Czosnek niedźwiedzi swoje antynowotworowe właściwości zawdzięcza przede wszystkim organicznym związkom siarki, które działają jak silny przeciwutleniacz. Podobno czosnek niedźwiedzi jest najbogatszą w związki siarki rośliną w Europie i zawiera jej kilka razy więcej niż tradycyjny czosnek. Związki siarki z jednej stropy chronią organizm przed działaniem wolnych rodników, a z drugiej pobudzają układ immunologiczny do zwalczania komórek nowotworowych. Z badań, które zostały opublikowane w "Journal of the American Cancer Society", wynika, że związki te są wyjątkowo skuteczne nawet wobec glejaka (rodzaj raka mózgu) i mogą być używane jako nieinwazyjna forma leczenia nowotworów.
Związki zawarte w czosnku niedźwiedzim podwyższają poziom "dobrego" cholesterolu HDL w stosunku do "złego" LDL, a także obniżają poziom trójglicerydów oraz cholesterolu, przez co zmniejsza się ryzyko wystąpienia miażdżycy, a co za tym idzie - także zawału serca, udaru czy choroby wieńcowej. Jednak swój pozytywny wpływ na układ krwionośny czosnek niedźwiedzi zawdzięcza przede wszystkim adenozynie (posiada jej znacznie więcej niż tradycyjny czosnek) - substancji, która zmniejsza ryzyko zakrzepów, gdyż mniejsza lepkość krwi i obniża ciśnienie poprzez rozszerzenie naczyń. W związku z tym, jedząc czosnek niedźwiedzi, można zapobiec także nadciśnieniu. Ponadto roślina ta zawiera sporo żelaza - podstawowego składnika hemoglobiny, odpowiadającego m.in. za przechowywanie i transportowanie tlenu w czerwonych krwinkach.
Czosnek niedźwiedzi rośnie dziko w lasach całej Europy i niektórych rejonach Azji. W Polsce pędy czosnku niedźwiedziego pojawiają się już na przełomie marca i kwietnia w Bieszczadach, Puszczy Kampinoskiej, Białowieskiej i w okolicach Sandomierza. Jego cechą charakterystyczną są długie (do 20-30 cm wysokości) lancetowate liście, a także wydzielające intensywny czosnkowy zapach kuliste, białe kwiatostany z pojedynczymi gwiaździstymi kwiatami, które znajdują się na długich (do 50 cm) łodygach. Białe kwiaty zawierają szkodliwe substancje, dlatego nie są jadalne.
Czosnek niedźwiedzi, dzięki zawartości związków siarkowych, zapobiega infekcjom wirusowym, przede wszystkim układu oddechowego. Ponadto zawarte w nim lotne substancje, czyli kwasy fenolowe, rozrzedzają wydzielinę, która zalega w oskrzelach, i w ten sposób ułatwiają odkrztuszanie.
Ponadto czosnek niedźwiedzi wykazuje działanie podobne do antybiotyku, ponieważ niszczy bakterie chorobotwórcze w układzie pokarmowym i oddechowym, jednak nie zakłócając przy tym równowagi naturalnej flory bakteryjnej. Poza tym stymuluje produkcję immunoglobulin – przeciwciał biorących udział we wszystkich procesach odpornościowych, a tym samym mobilizuje organizm do walki z chorobami.

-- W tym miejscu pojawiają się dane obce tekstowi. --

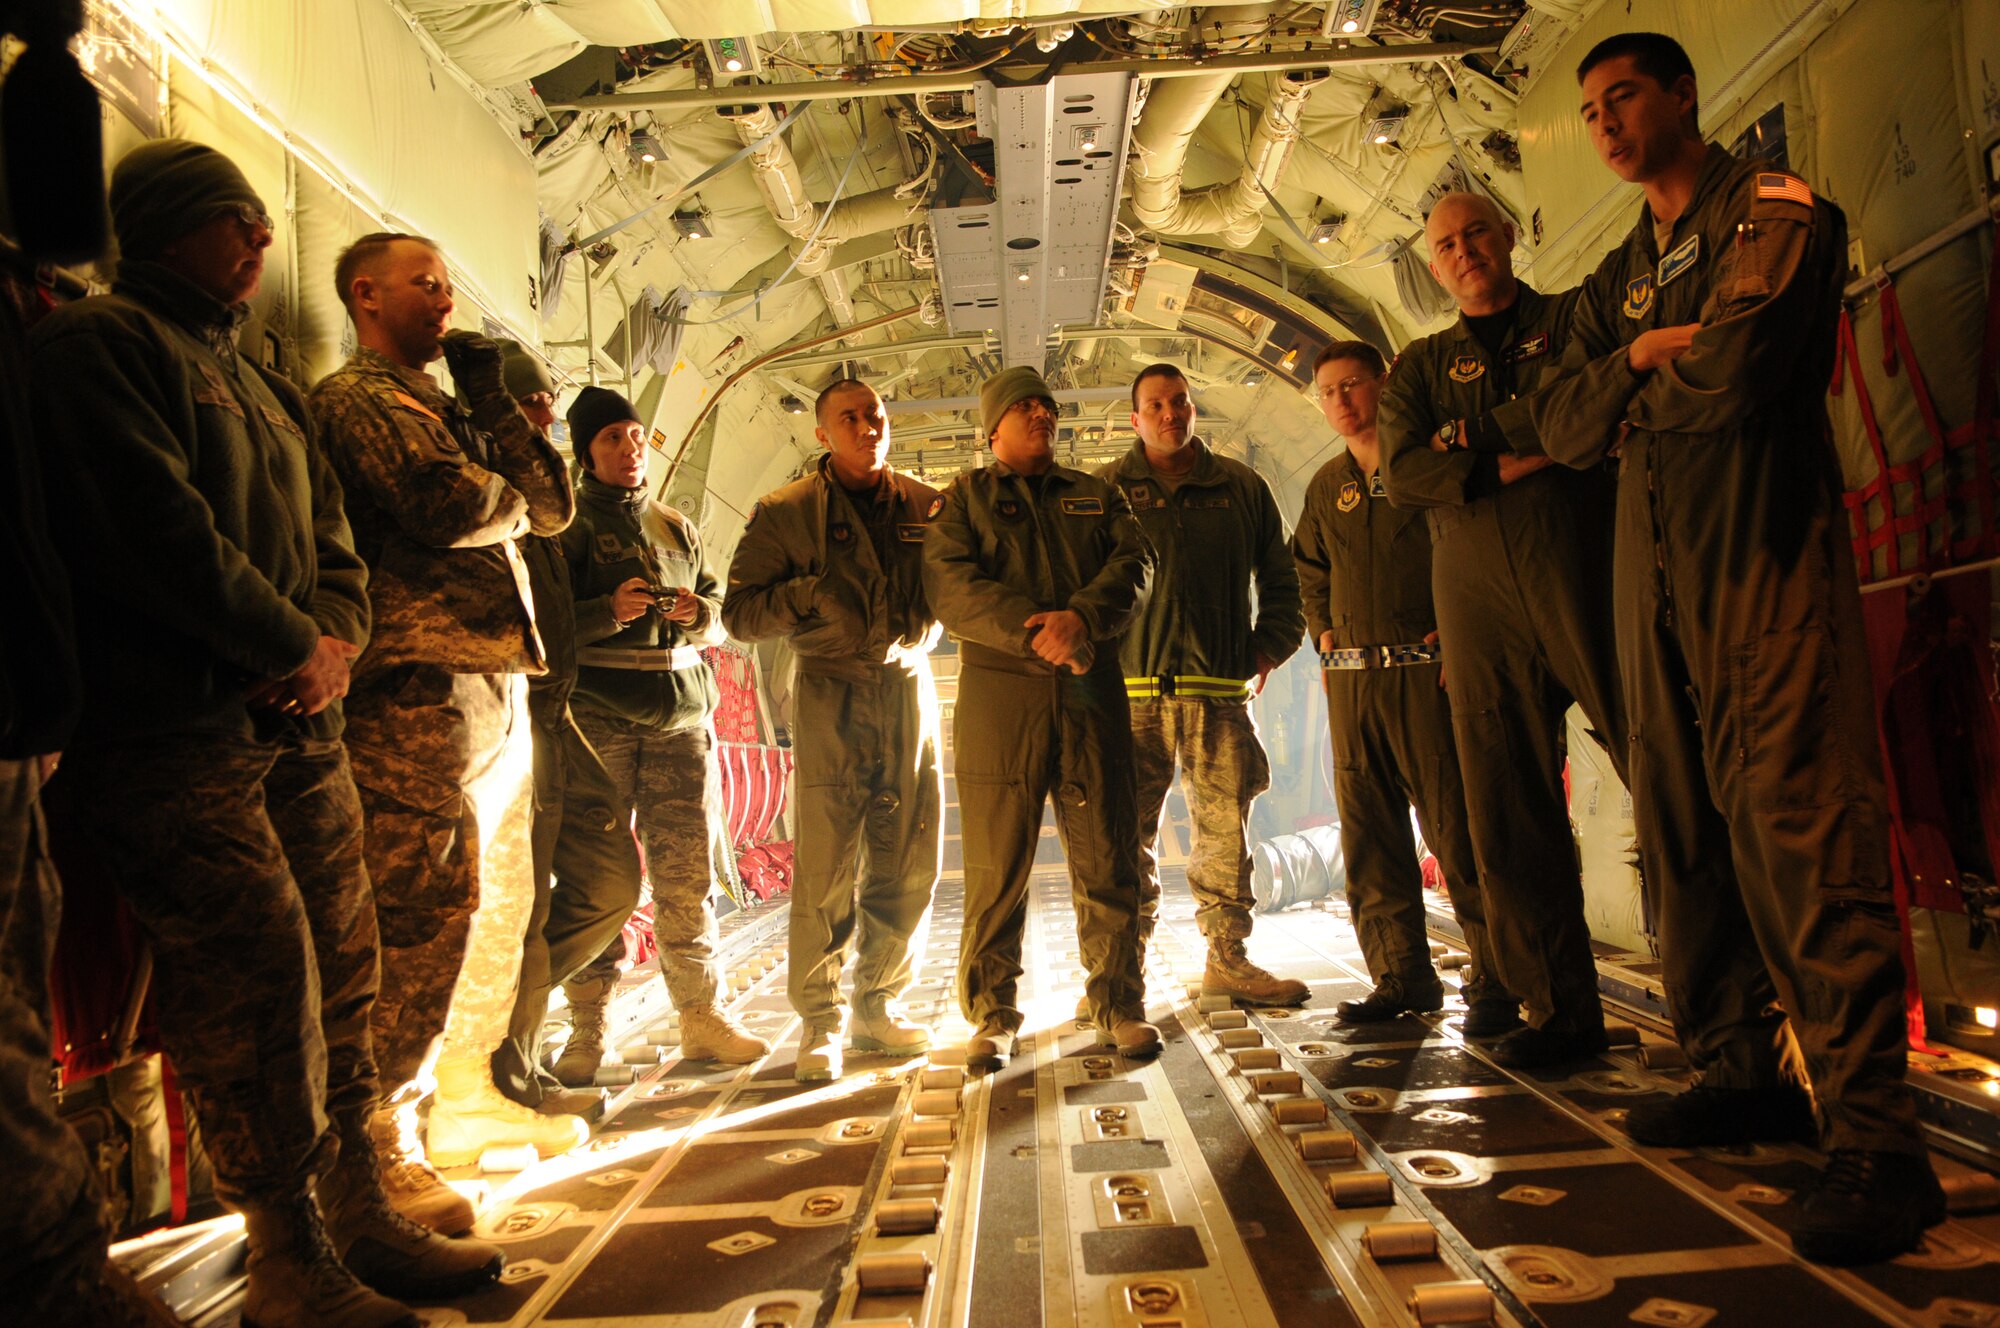 RAMSTEIN AIR BASE, Germany -- Capt. John Huntsman (far right), 37th Airlift Wing aircraft commander, gives a preflight briefing to the crew and passengers of a C-130J Super Hercules before departing to support the response to wildfires near Haifa, Israel, Dec. 4. U.S. Air Forces in Europe is the lead component to airlift 20 tons of fire retardant to Israel for the U.S. European Command's support effort. EUCOM routinely provides foreign humanitarian assistance in response to crises in the region in the same manner as other regional partners. (U.S. Air Force photo/Staff Sgt. Benjamin Wilson)

Czosnek niedźwiedzi można polecić również osobom, u których stwierdzono obecność drożdżaka Candida albicans. Jest także bardzo skuteczną bronią przeciw pasożytom układu pokarmowego: owsikom, glistom czy nawet tasiemcom.
Podobnie jak tradycyjny czosnek, przyśpiesza i nasila wydzielanie żółci, usprawnia pracę jelit, a tym samym zapobiega powstawaniu wzdęć. Może być wykorzystany także w stanach upośledzonego wytwarzania żółci, gdyż posiada także właściwości żółciotwórcze i żółciopędne. Nie zaleca się go jednak osobom zmagającym się z chorobą wrzodową żołądka lub dwunastnicy.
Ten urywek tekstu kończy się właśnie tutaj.